Our verdict: Goods such as pyrotechnics (e.g. fireworks) are already under much regulation, due largely to its ability to be used as a weapon and cause harm to third parties. It is ironic that “having to notify” and “occasional additions to instructions manual” are singled out as “barriers to trade” in the EC decision. Mere notification (with no further certification necessary) seems a trivial burden, in light of so much other admin imposed on pyrotechnics trading by the EU. Multilingual instructions manuals are themselves barriers to trade, especially for everyday use products. Here at least some extra text may be justifiable on genuine safety grounds (and even then it is a trivial one-off cost at the packaging design stage). Above all, however, neither are really barriers to cross-border trade.

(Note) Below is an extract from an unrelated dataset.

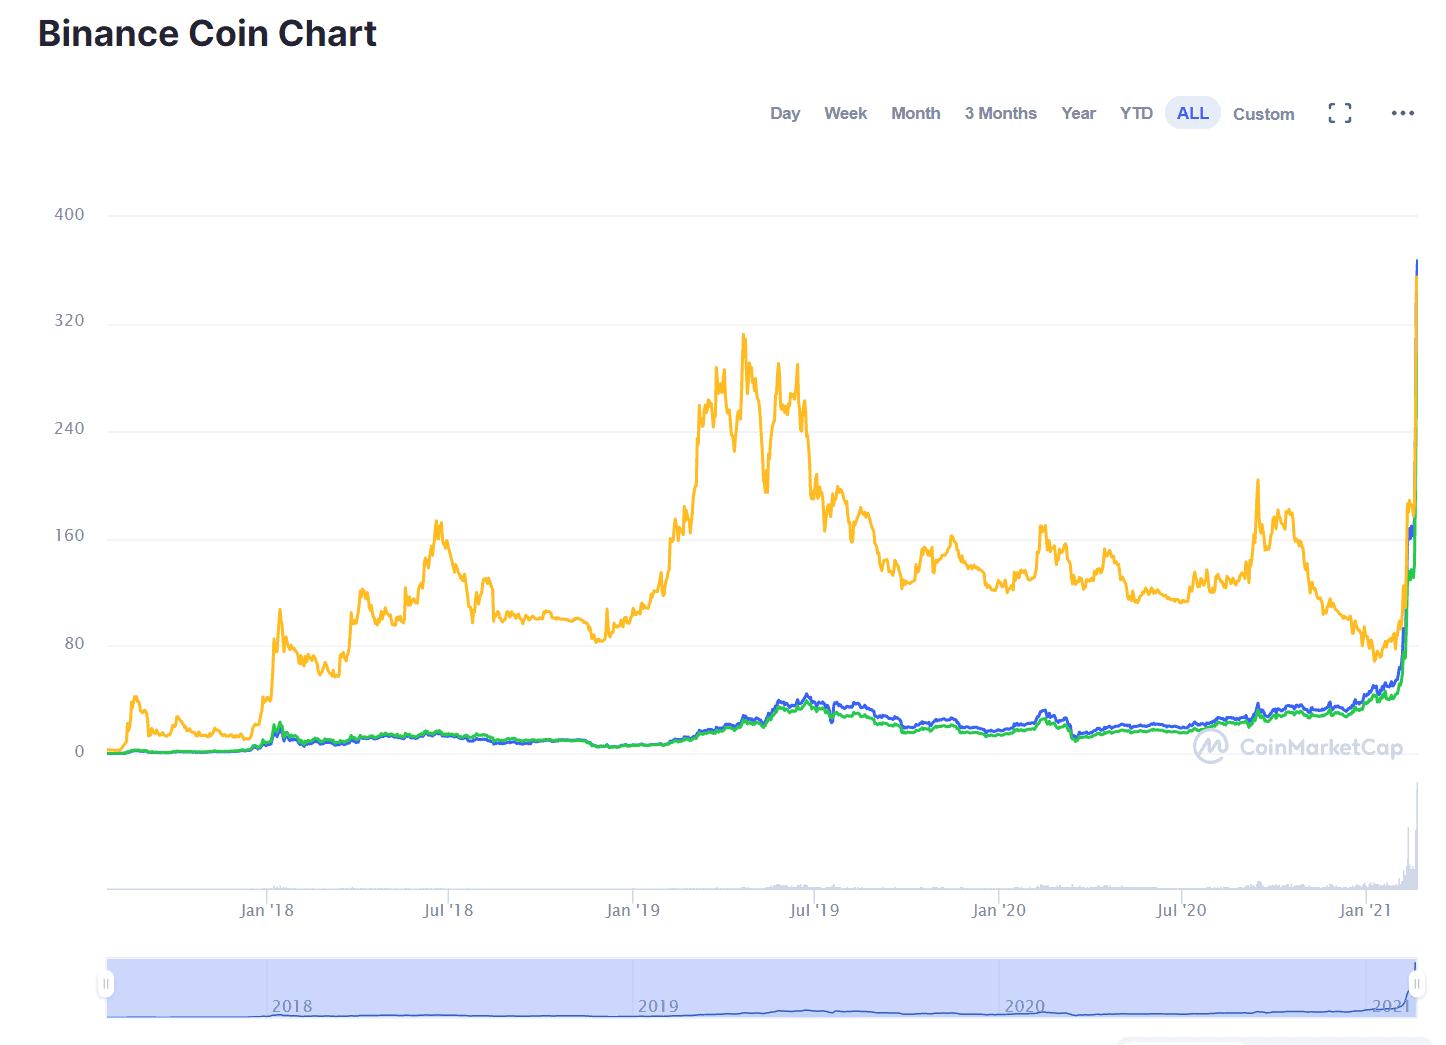 bnb-price-chart
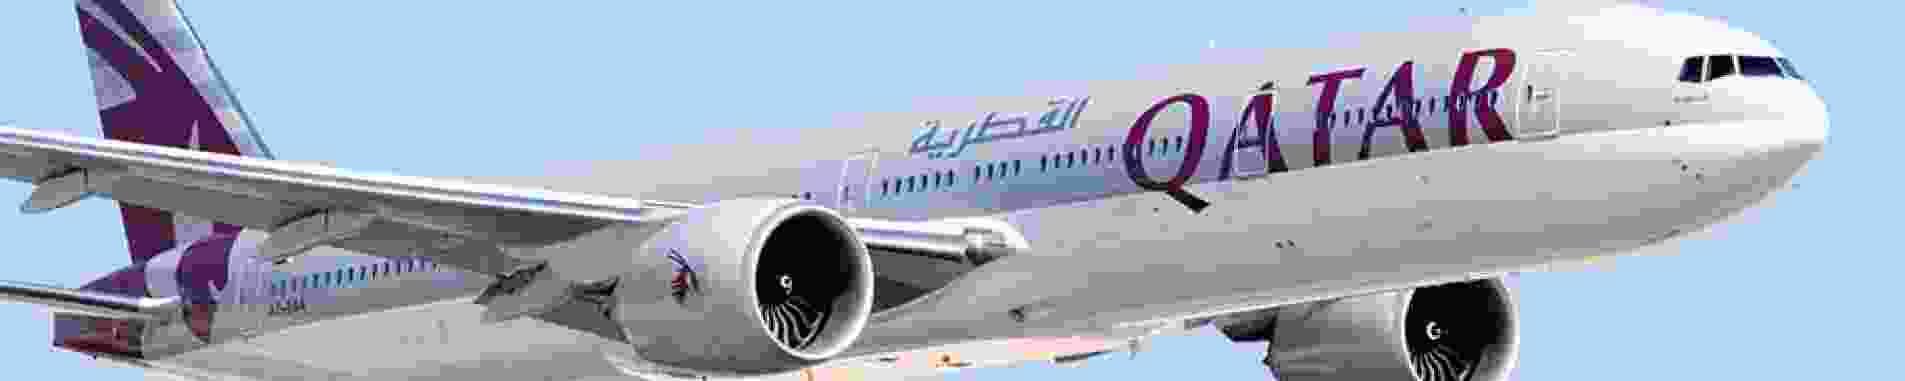 Travel Services header image

The same obligations apply to domestic and foreign producers, so the German system does not discriminate anyone (unlike the case of referring Portugal to the ECJ for effectively taxing foreign cars more.)


is being issued a reasoned opinion for failing to issue a National Energy Efficiency Action Plan and long-term strategy for mobilizing investment in the renovation of the national stock of residential and commercial buildings.

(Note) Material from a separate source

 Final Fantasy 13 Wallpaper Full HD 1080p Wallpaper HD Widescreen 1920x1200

Our verdict: The 2012 Energy Efficiency Directive forces member states to introduce programmes to achieve certain energy savings by 2020. Slovenia has already incorporated the Directive into national law, and Slovenian companies therefore already have to comply: producing extra instructions manuals (!- see our note on German pyrotechnics above) on how to use a product more energy-efficiently, participating in recycling programmes for old appliances and even windows, etc. However, the issue is that all this has not been converted into an official “National Plan”, a bureaucratic report that itself is only a non-binding collection of promises and ideas. This is of little practical consequence. History suggests that most plans are not achieved anyway. We predict that this case is unlikely to reach the stage of a legal action. Slovenia will produce such report, for the report’s sake. Anyone can produce a plan, but it’s burdensome. Slovenia is one of the smallest EU countries and a stream of constant reports and mandated brochures is especially costly under such circumstances. Population giants like Germany or France can afford to take five out of 80 or 60 million people away from the economy and make them work on such a report. Slovenia will now lose 5 people out of mere 2 million. A much heavier burden.

United Kingdom

is being issued a reasoned opinion to stop exempting tiny cider producers from paying the ethanol tax.


Our verdict: We have consistently argued throughout our assessments that arbitrary tax exemptions are bad, especially if they are selectively applied to particular firms, industries or countries. However, this “exemption” is somewhat different, for at least two reasons.
• Agriculture is a field already so full of special treatments and exemptions that it is usually difficult to establish what is the default from which an exemption is made
• The exemption only applies to what are essentially hobby producers, the market value of their annual production is never more than €10,000, with costs often even exceeding that. An argument can be made that they should not have been included in a “producer” tax in the first place. (Otherwise leaving one’s apple juice too long would make one liable to tax).
English cider is rather UK-specific commodity with little cross-border trade, so single market isn’t really affected. Above all, however, the single market in alcohol is already so “unbalanced” by the different rates of ethanol tax that this could not make a dent even if it wanted to. (A 0.75L bottle of wine, for example, is taxed at €3.20 in the UK and at €0.04 in France.)